» **WHAT IS BEING ASKED**:
Write down exactly the lines from the one below that has "Cambria Skara Brae" to the end of the data, both ends included; the pictures should not appear in your copy.

» **GIVEN INFORMATION**:
___

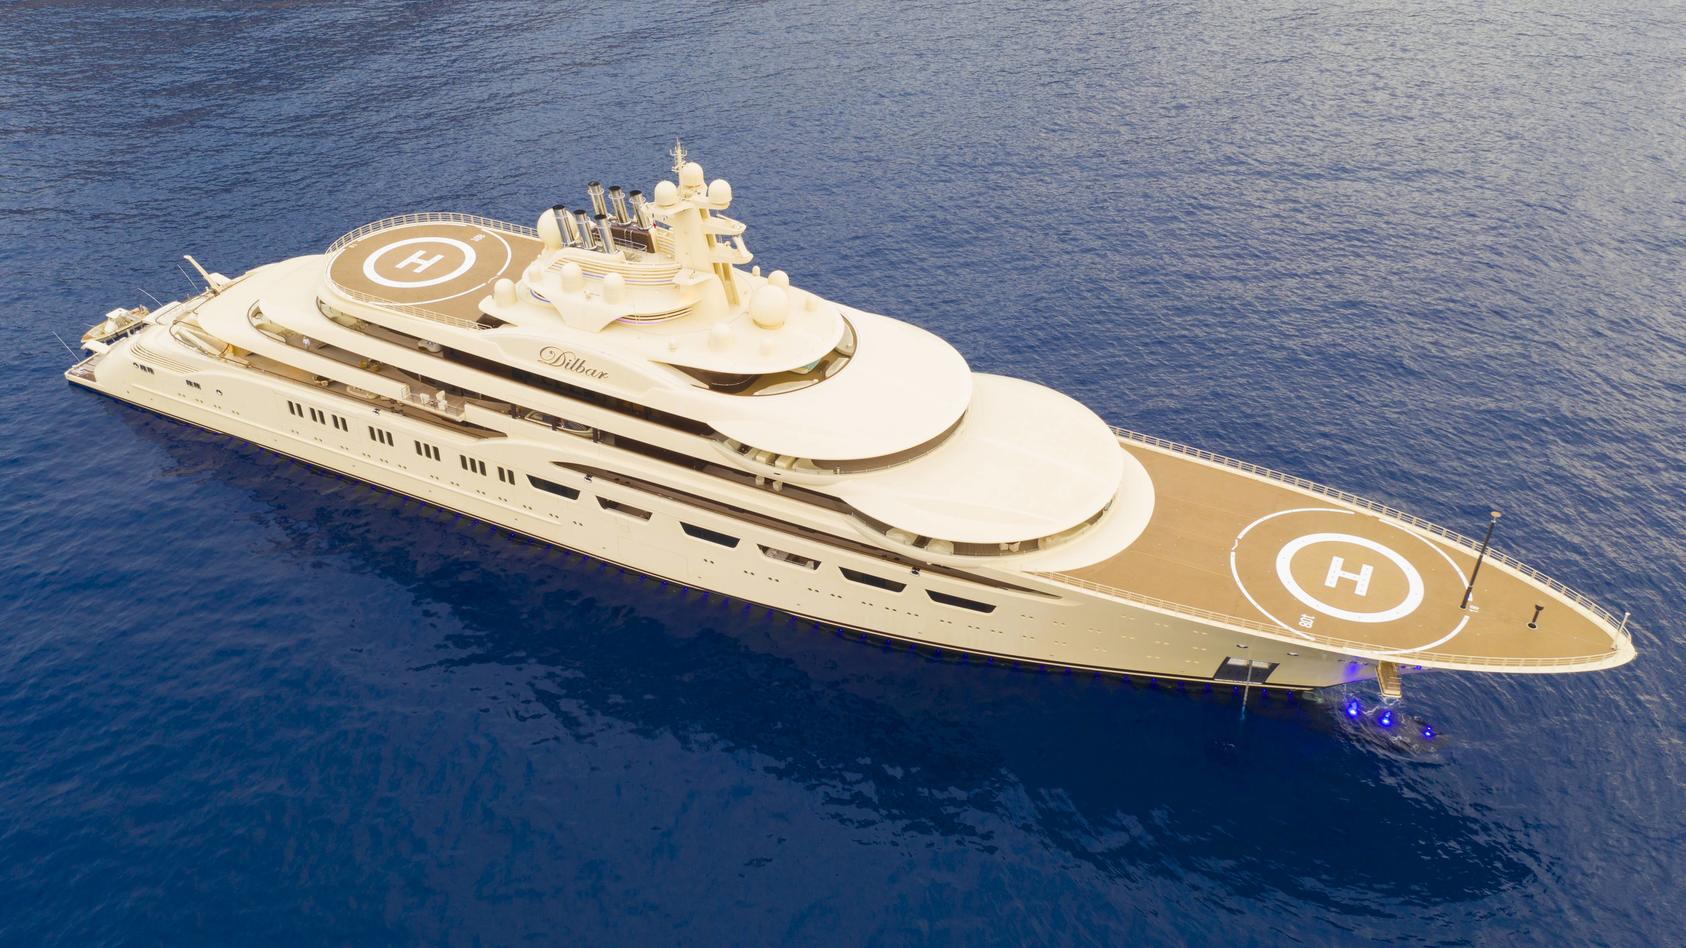 yacht kaufen 5 millionen
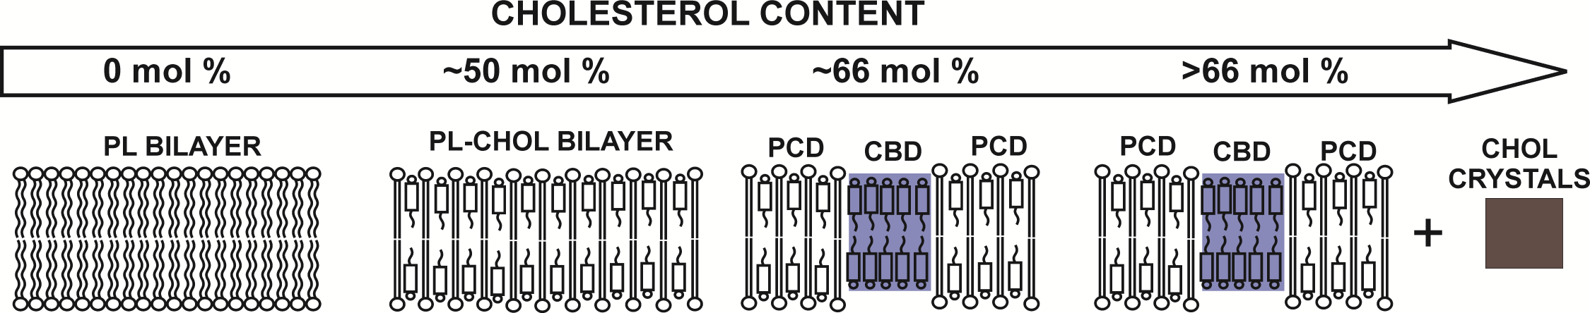 Cholesterol content at 0% mol in PL Bilayer, ~50% mol% in PL-CHOL Bilayer, ~66 mol%, >66 mol %
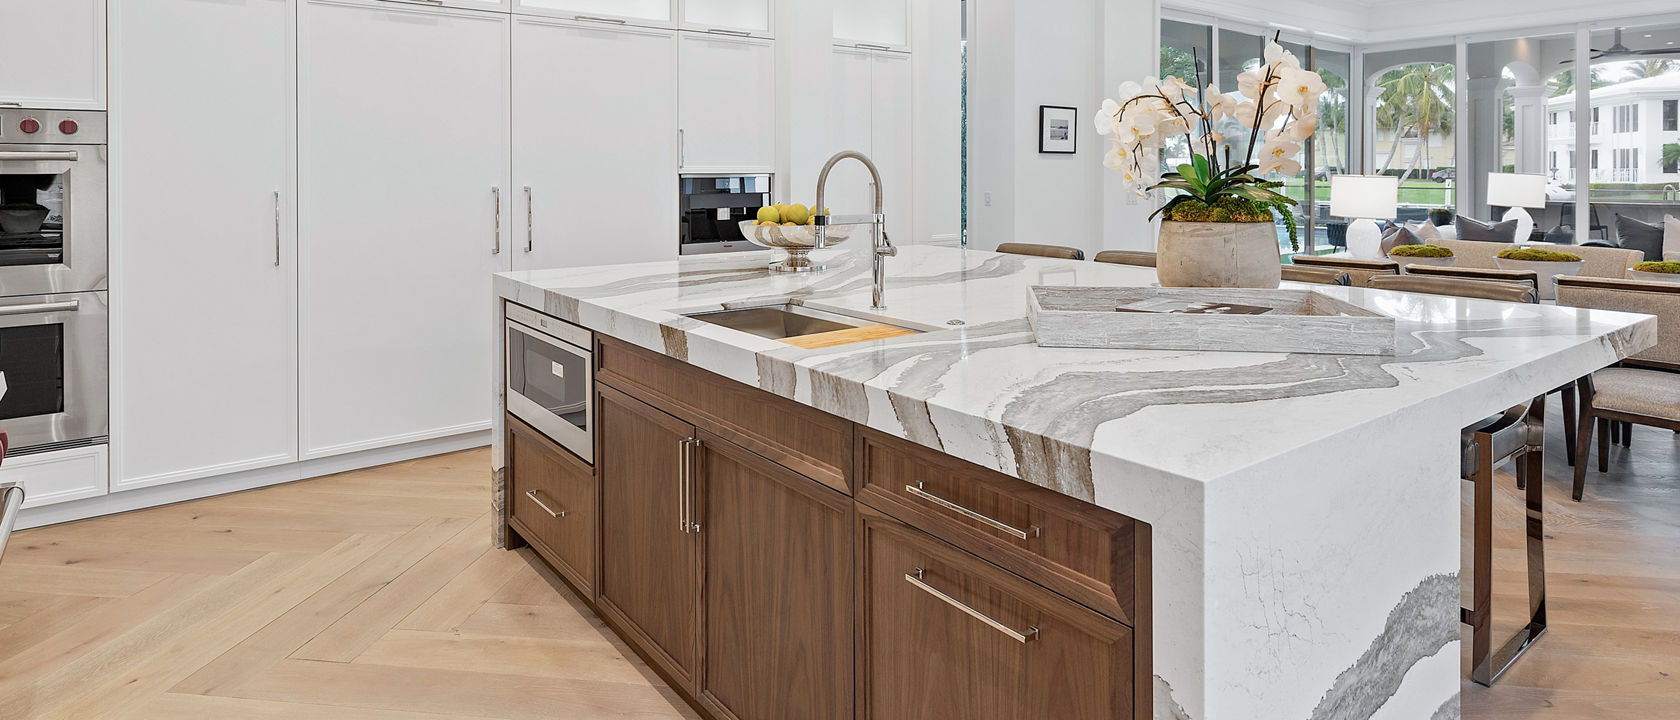 Cambria Skara Brae quartz island countertops in an all-white kitchen space.
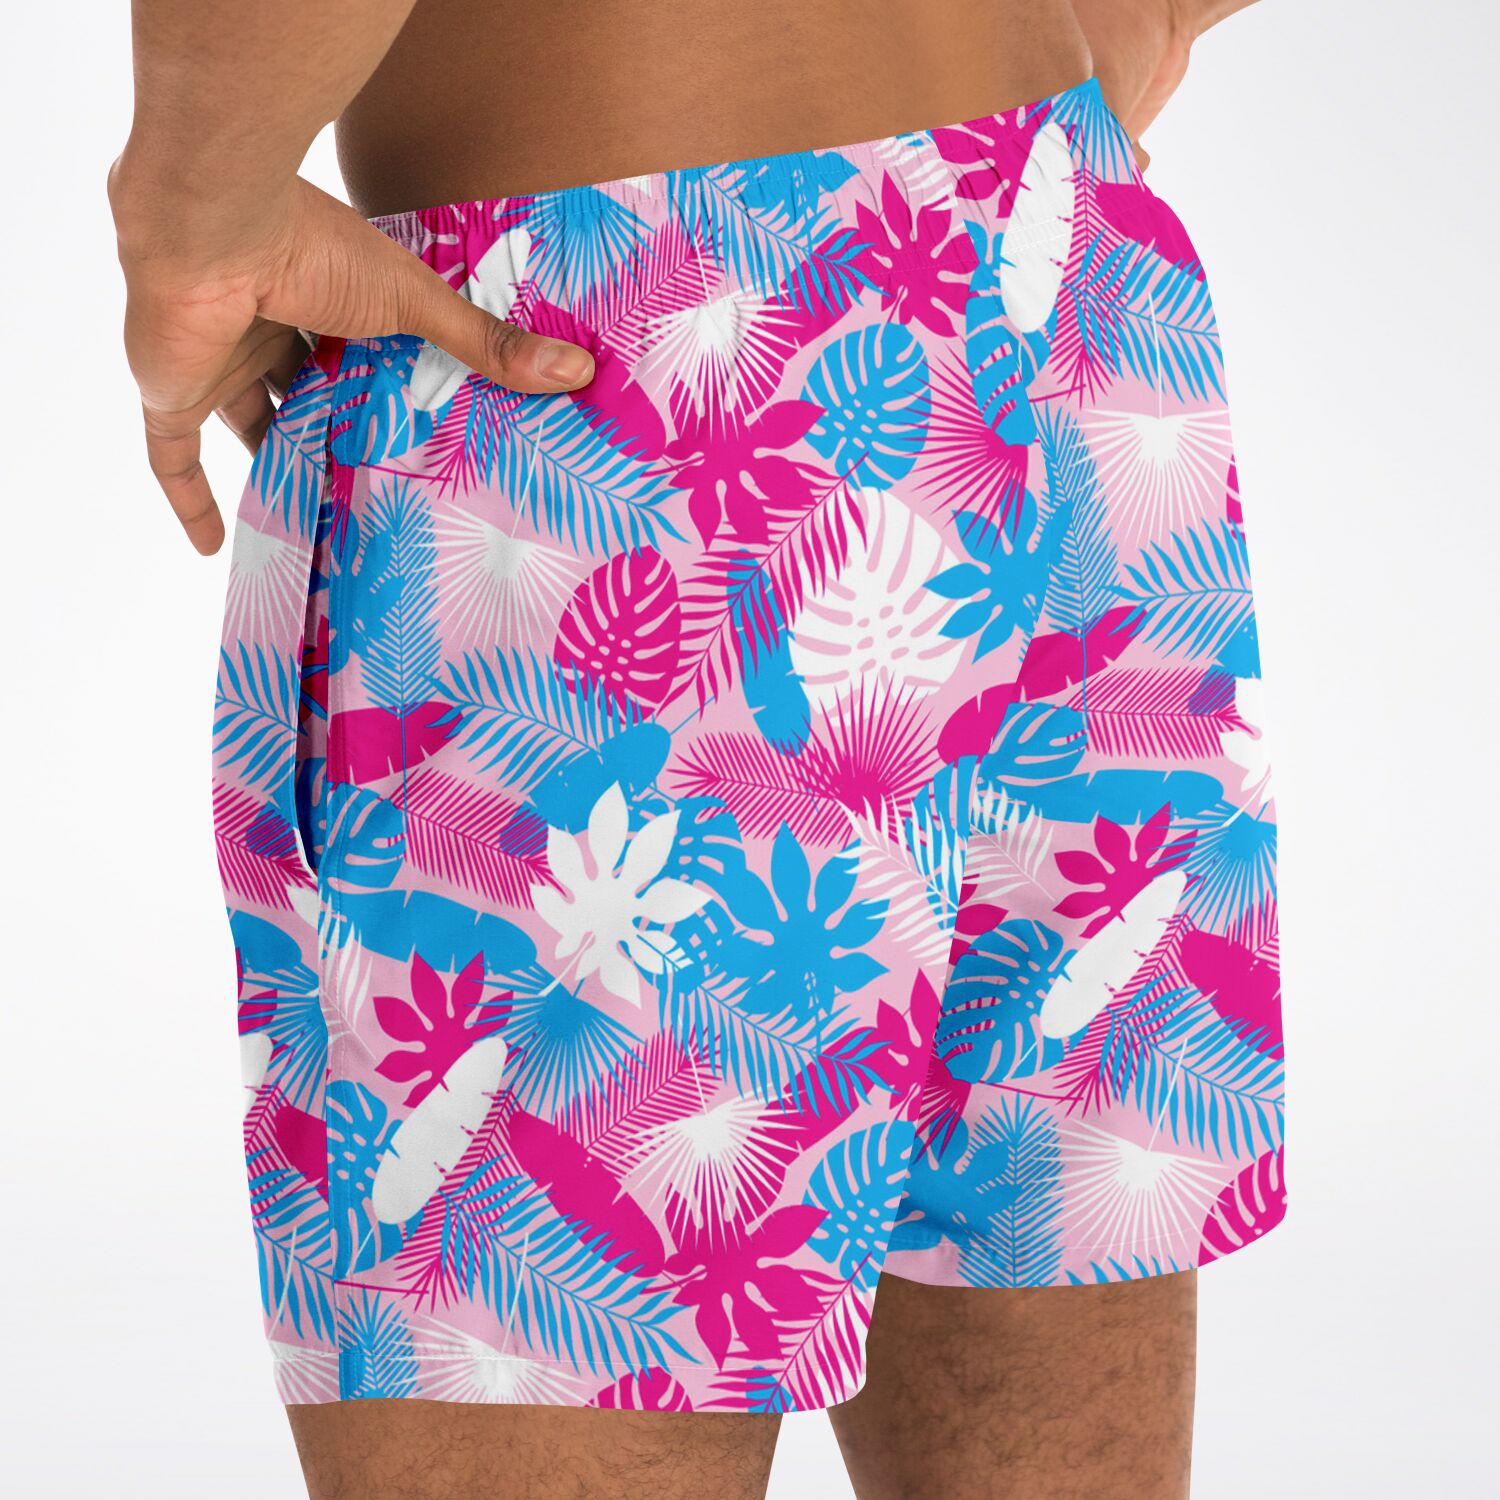 Rad Palm Neon Jungle Pink Men's Swim Trunks

___

» **EXPECTED ANSWER**:
 Cambria Skara Brae quartz island countertops in an all-white kitchen space.
 Rad Palm Neon Jungle Pink Men's Swim Trunks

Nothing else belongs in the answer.